Four senior leaders at the design software giant depart this month, coinciding with a major strategic shift to recast Canva as an AI-driven platform.
Growth lead Iain Dowling revealed his resignation on Monday after eight years in senior roles across the design organisation, while senior engineering director Jonathan Ross is set to exit at the end of the month.
Their decisions follow the departure of head of design Andrew Green, announced only days after Canva’s large-scale “Create” conference in Los Angeles showcased a new wave of AI features.
Around the same time, chief technology officer Brendan Humphreys also chose to leave the company.
Canva is in the middle of a high-stakes transformation, using the “Create” event to signal that AI-generated content and automation will sit at the centre of its product roadmap.
The Los Angeles conference featured a suite of artificial intelligence capabilities designed to streamline design work for Canva’s vast user base.

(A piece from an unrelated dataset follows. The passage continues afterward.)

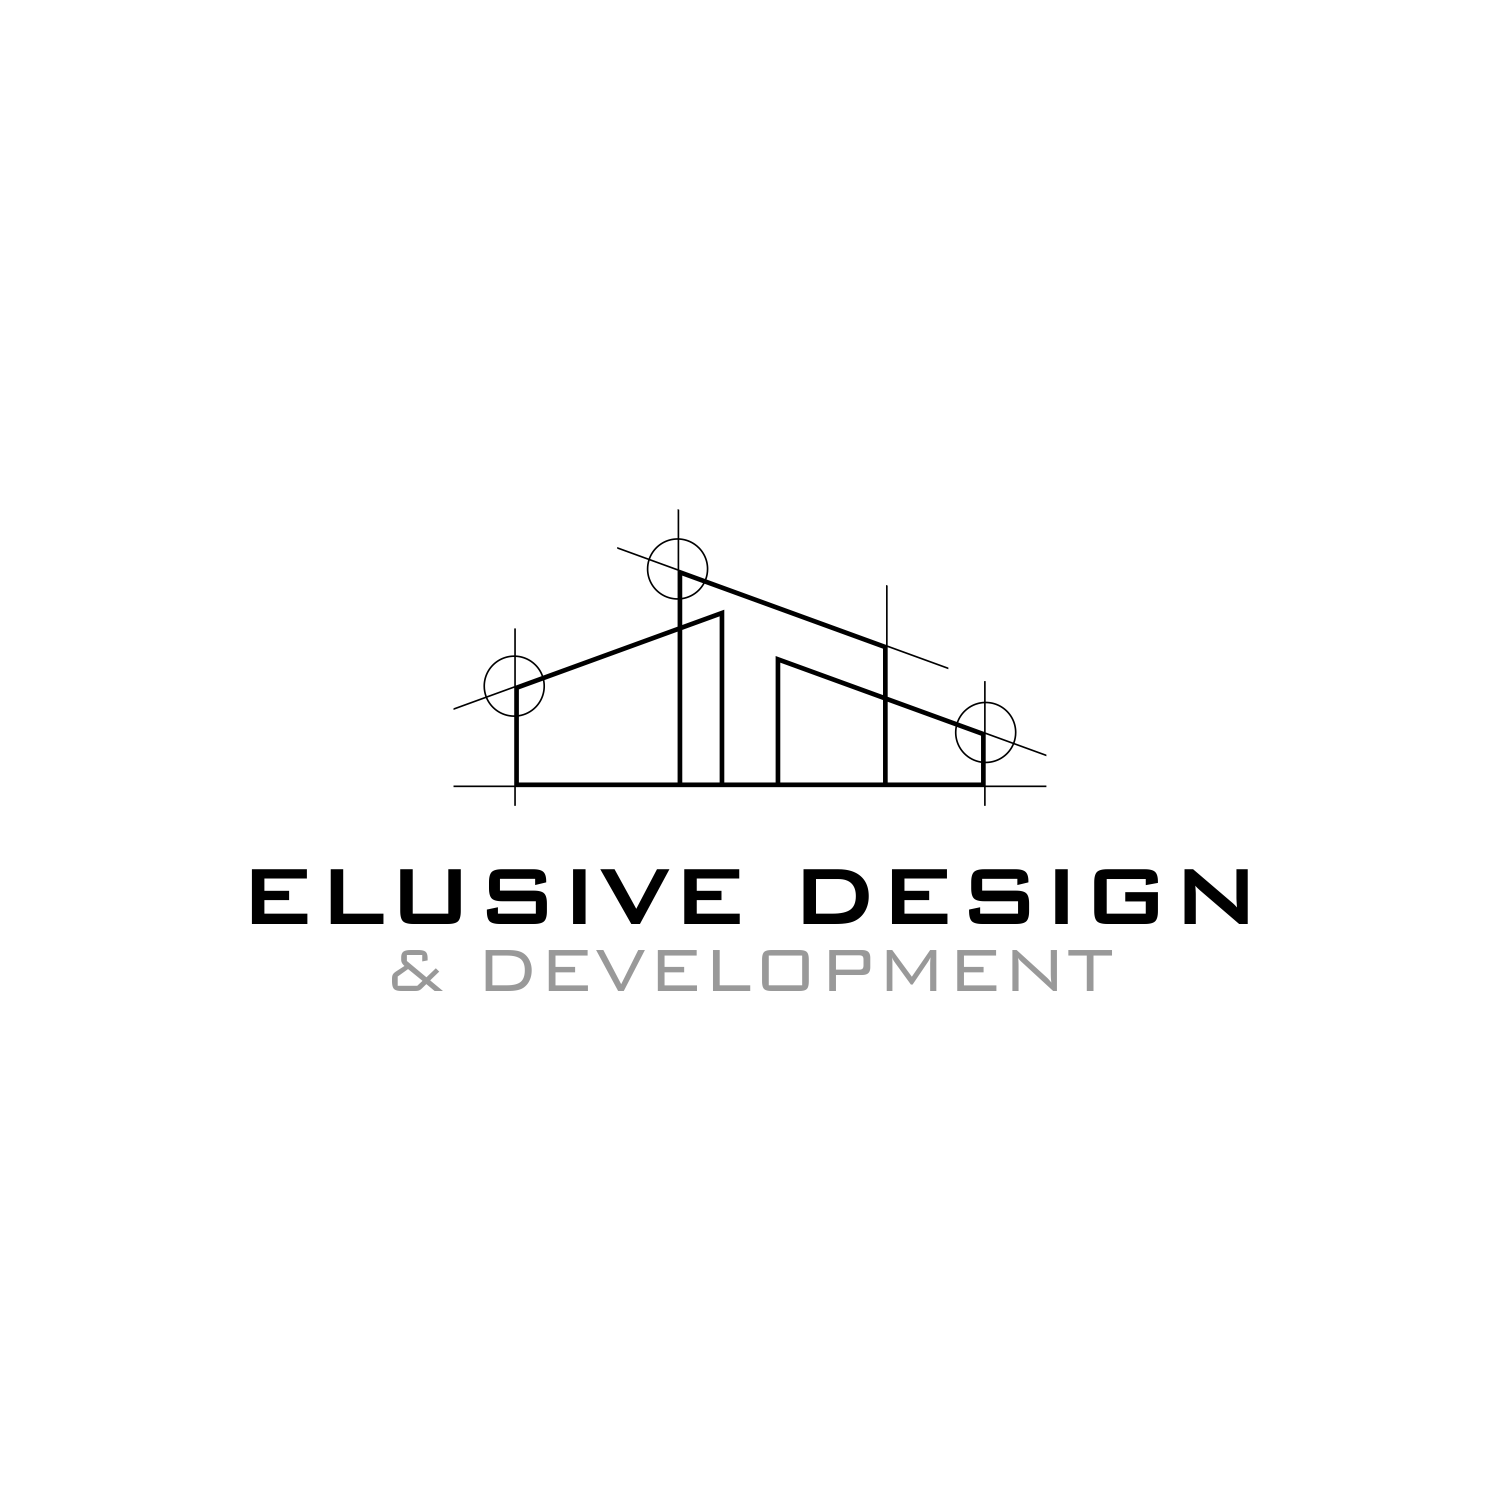 Architecture Logo - Elegant, Playful, Architecture Logo Design for Elusive Design

Internally, leaders are tasked with balancing this aggressive AI roll-out with the platform’s existing strengths in accessible, template-based design.
The timing of multiple exits adds extra scrutiny to how the business manages this transition.
Leadership continuity is a key focus as Canva reshapes its executive bench during the AI pivot.
Humphreys, who joined in the very early days of the company, was widely seen as foundational to Canva’s technology culture and engineering practice.
He has been succeeded by platforms head Simon Newton, regarded inside the organisation as his second in command and a natural successor for the CTO role.
Canva wants to preserve its internal technical DNA even as it leans harder into artificial intelligence and rolls out more advanced automated design tools.